(Beginning of Records shown)
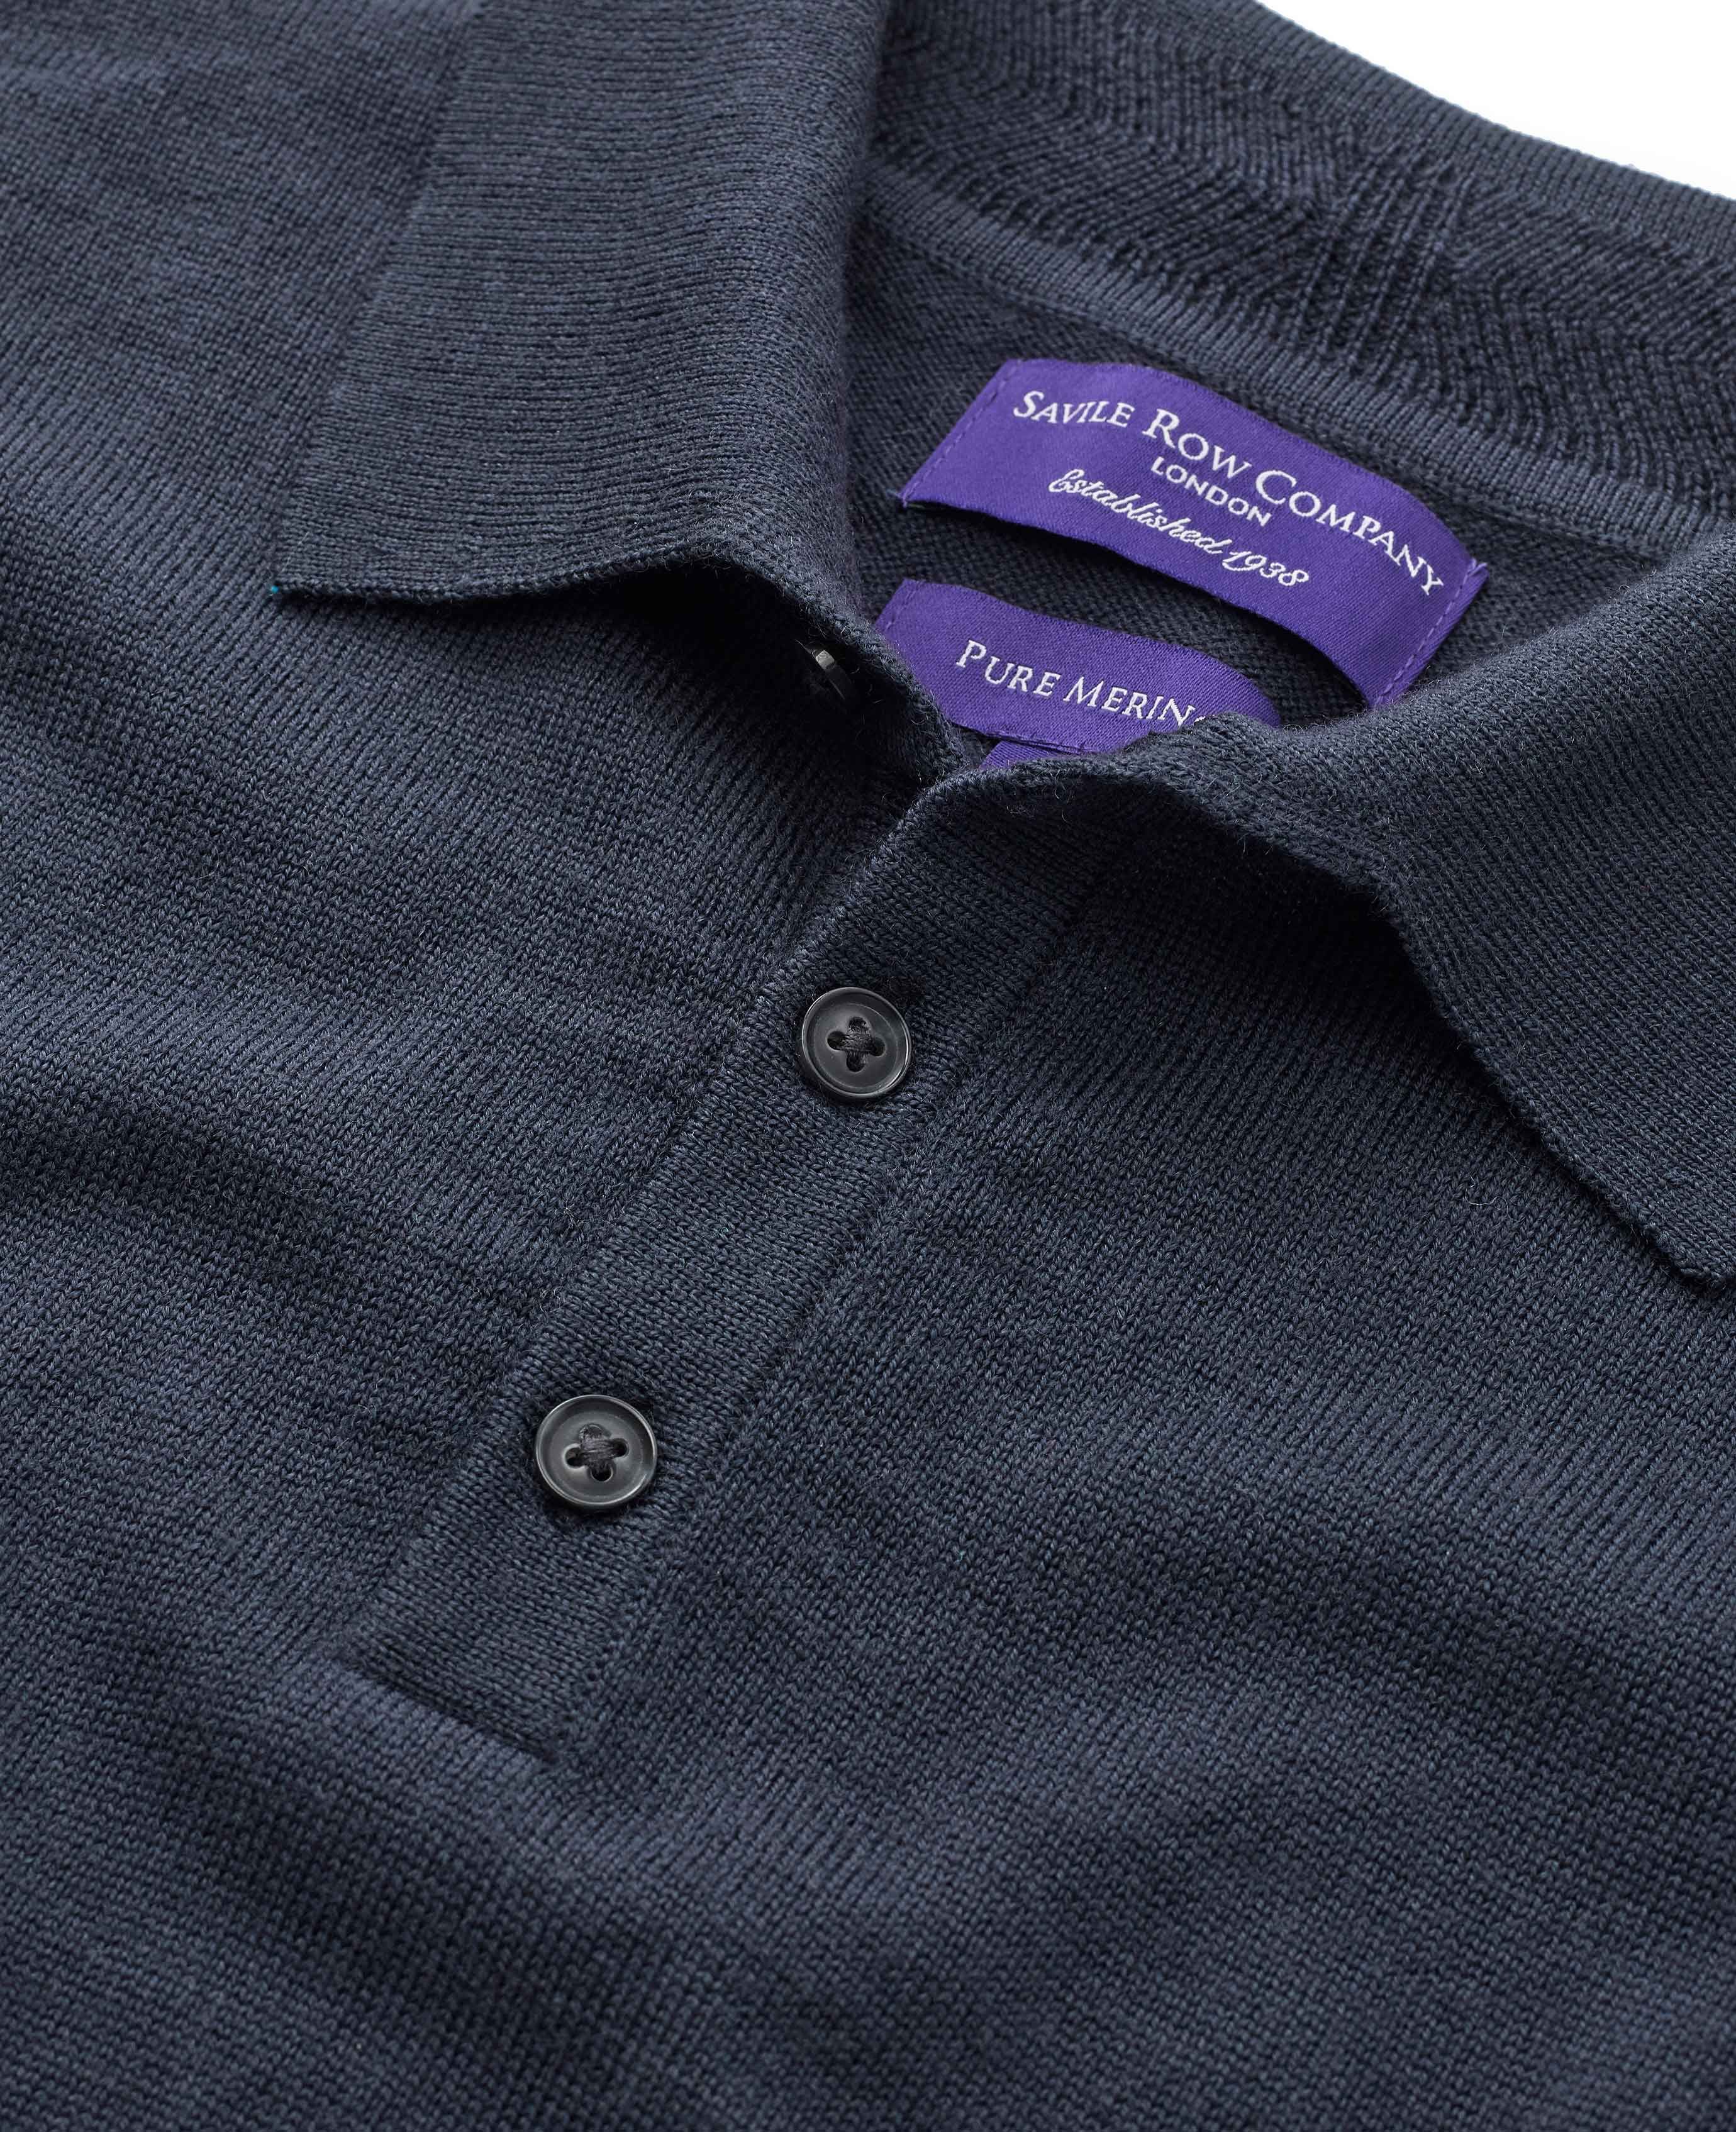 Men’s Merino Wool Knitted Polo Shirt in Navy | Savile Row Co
(End of Records shown)
(Beginning of Records shown)
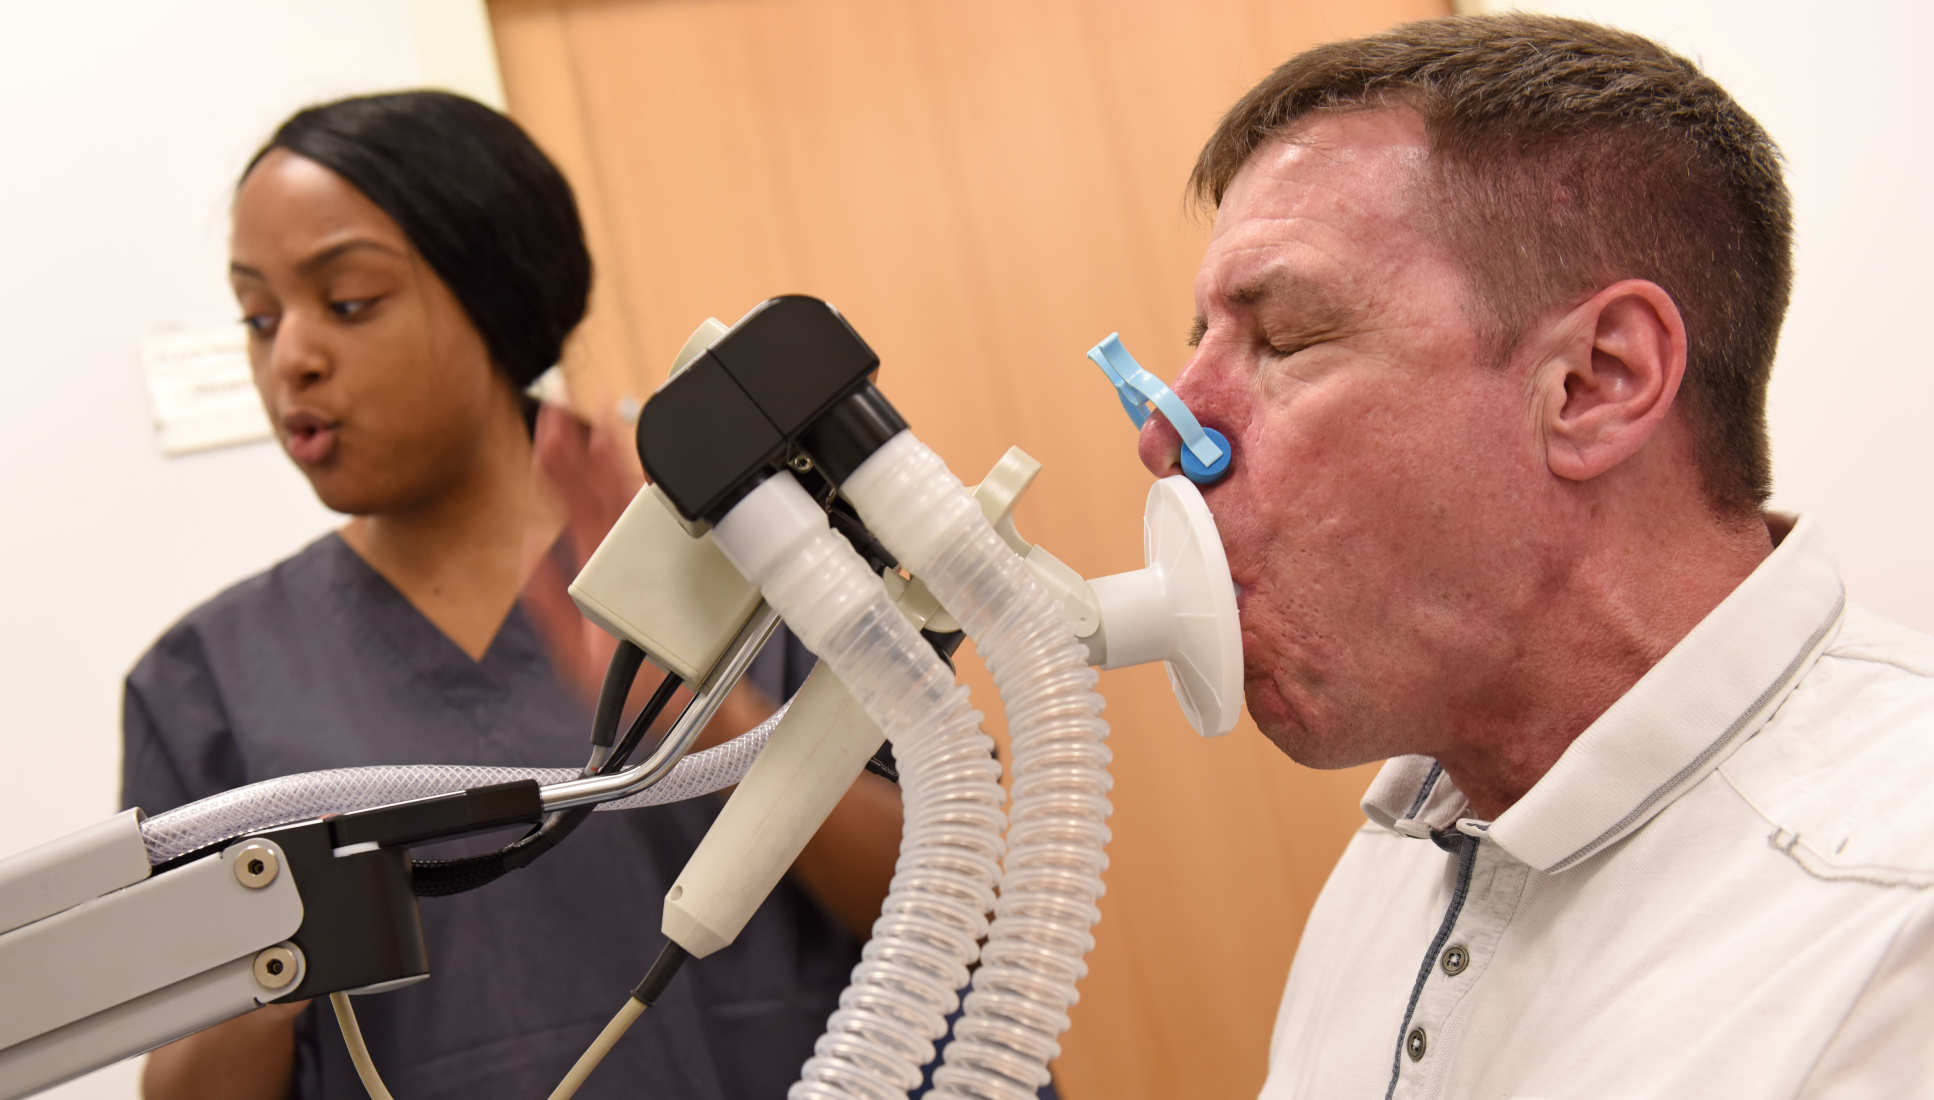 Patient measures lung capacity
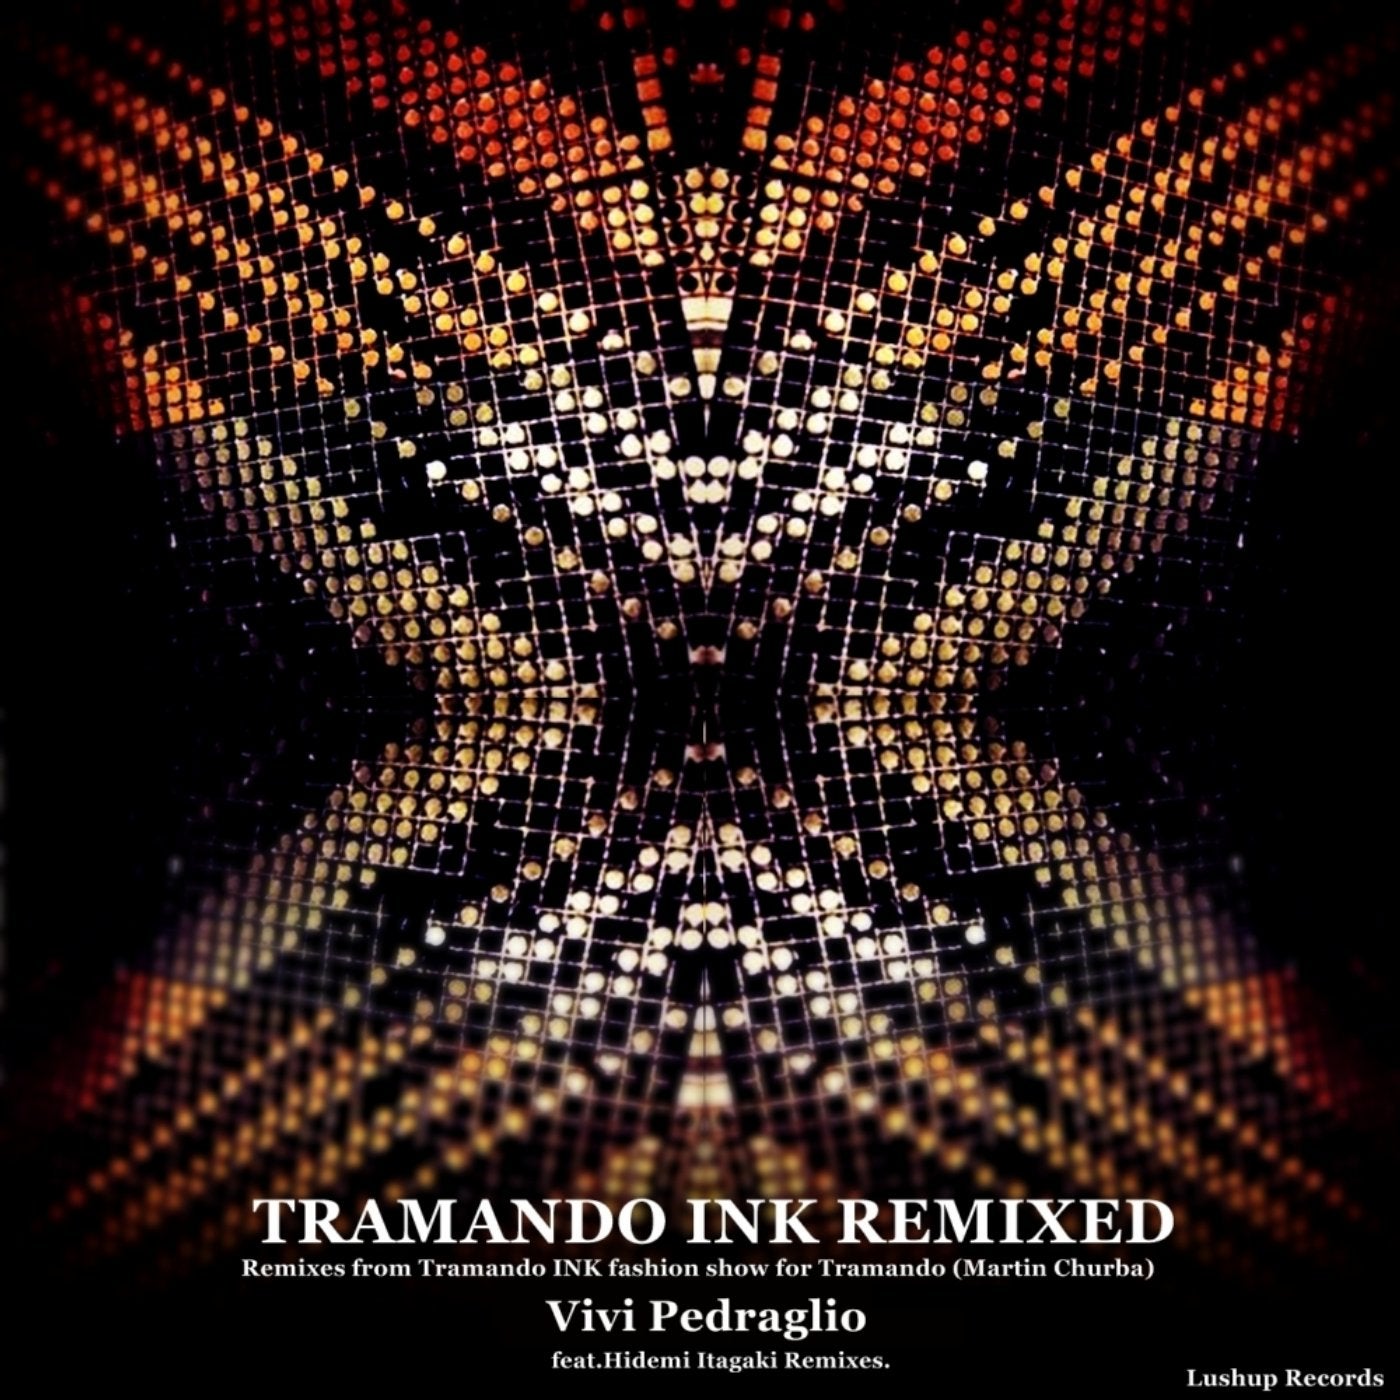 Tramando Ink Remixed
(End of Records shown)
What the exercise asks.
From the line holding "Patient measures lung capacity" to the line holding "Tramando Ink Remixed", both included, retype the entries above exactly and drop the pictures.

Exercise result.
 Patient measures lung capacity
 Tramando Ink Remixed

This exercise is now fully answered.